How to make vim: source accepts different line endings?

Using the vim :source command in a vimscript file with dos line outputs gives me errors that cannot deal with ^M characters.

The ^M characters are part of the dos line endings, but not UNIX line endings. Therefore, the :source file :source trying to use a unix file.

The fact is that I am setting :set fileformats=unix,dos . When opening and editing a file (not :source: -ing), there are no problems with line endings. Vim sees the file with the end of the final board, and according to fileformats it is configured itself.

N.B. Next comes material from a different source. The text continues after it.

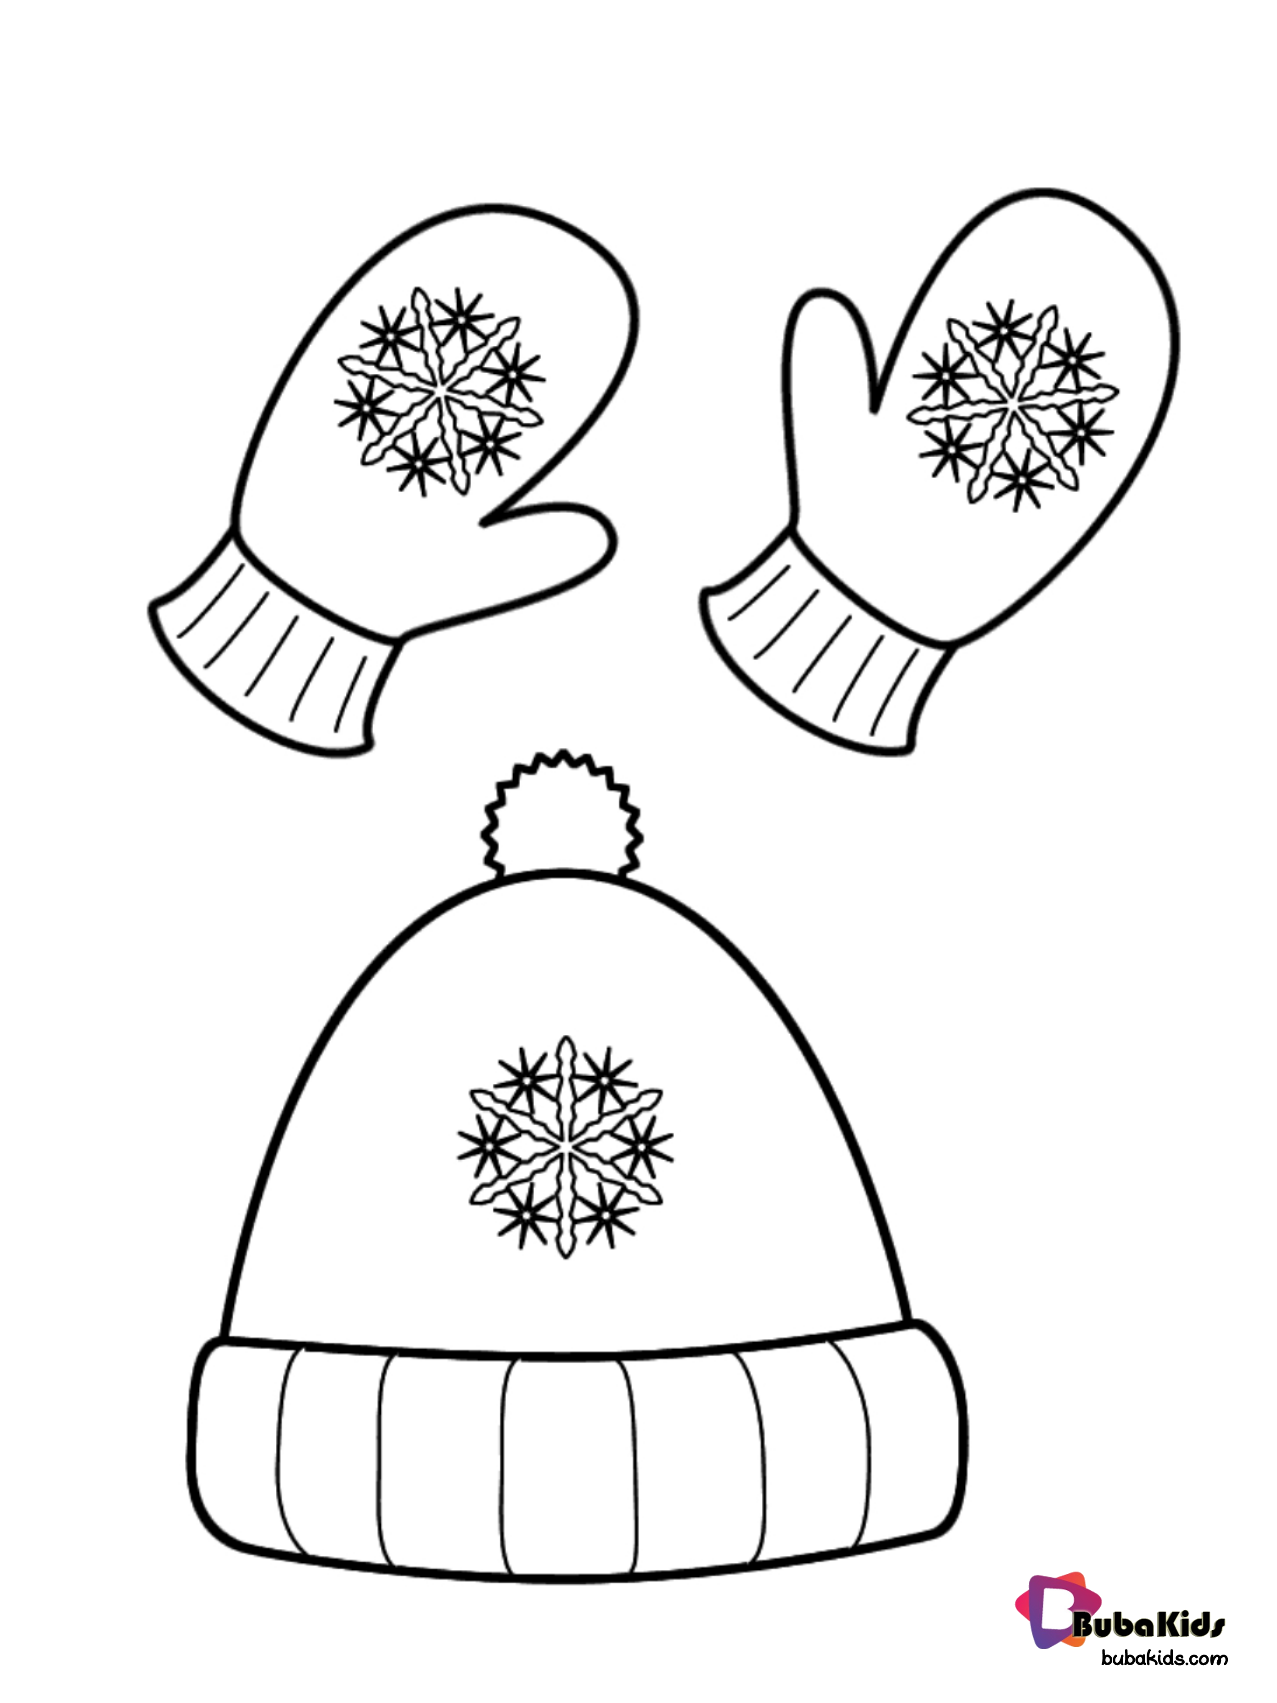 Free Winter hat and gloves coloring page. in 2020 | Coloring pages ...

:help fileformats gives only the most common key that on dos systems, if you have :set fileformats=unix,dos , vim performs a special discovery that it should use (and as an irrelevant detail this detection :source refers to the ends of the mixed line otherwise than when opening files).

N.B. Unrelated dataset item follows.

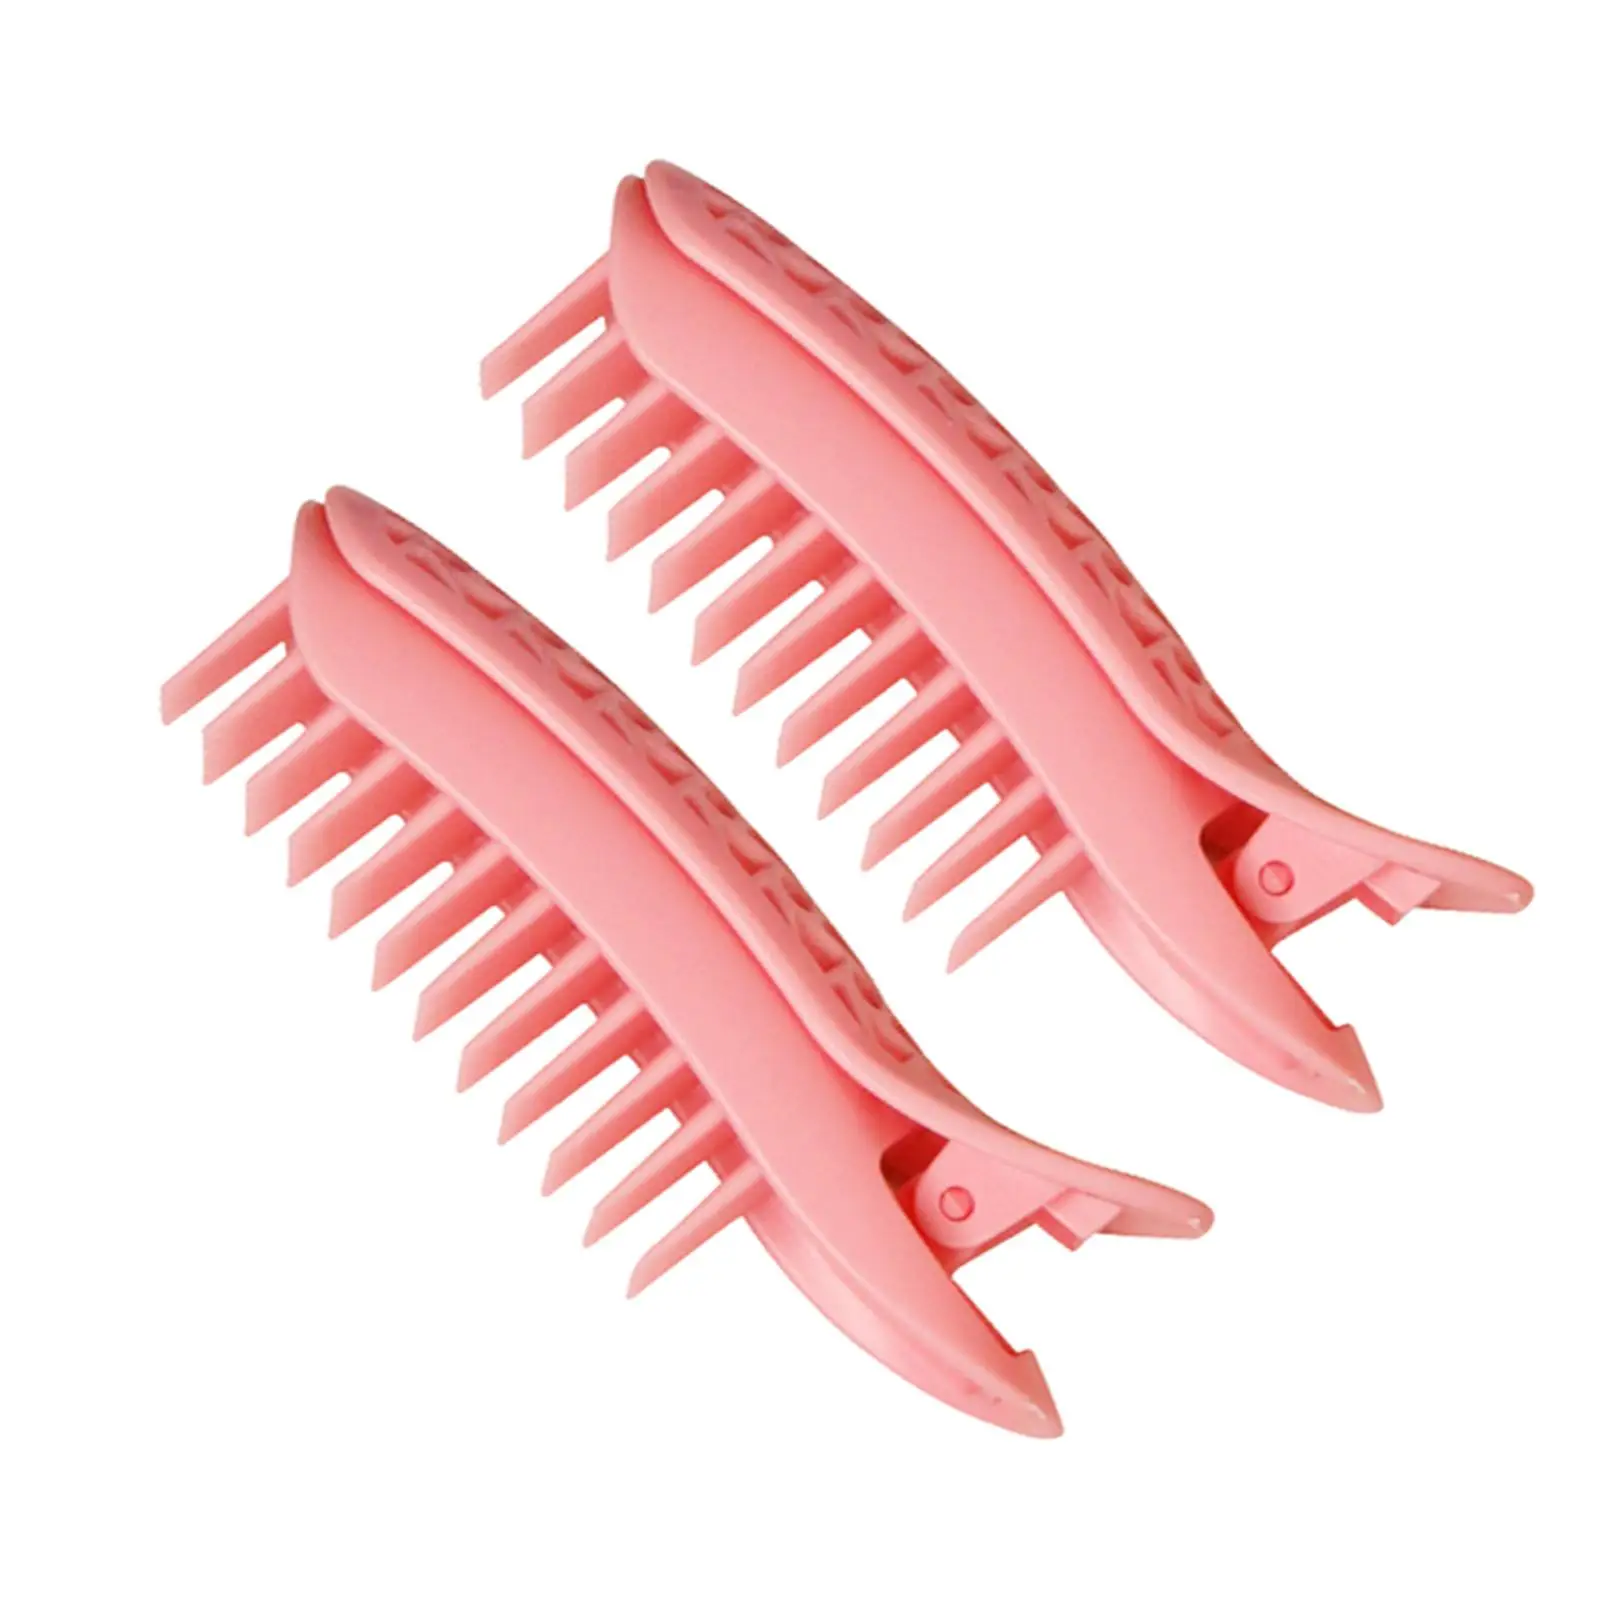 2 Pieces Sleeping Volumizing Hair Roots Clip Lazy Bangs Fixed Clips Shaping Durable Shaggy Curling Clamps for Long Short Hair

I am on a modern Mac system, how can I get it to :source dos line ending file?

+6
source share
1 answer

This is discussed in :h :source_crnl .

On UNIX systems, including Mac OS X, there is no automatic CRLF detection, and the actual CR at the end of the line will cause an error, for example. in display. Via:

On other systems, Vim expects ": source" ed files to be completed in <NL>. They always work. If you use a file with <CR> <NL> <EOL> s (for example, a file made in MS-DOS), all lines will have a trailing <CR>.

For better compatibility, it is best that Vim script files always use NL strings. They will always work everywhere, provided that the first line of the script for some reason does not end in CR, and 'fileformats' not empty (by default it is not empty).

In short, consider converting line endings to LF.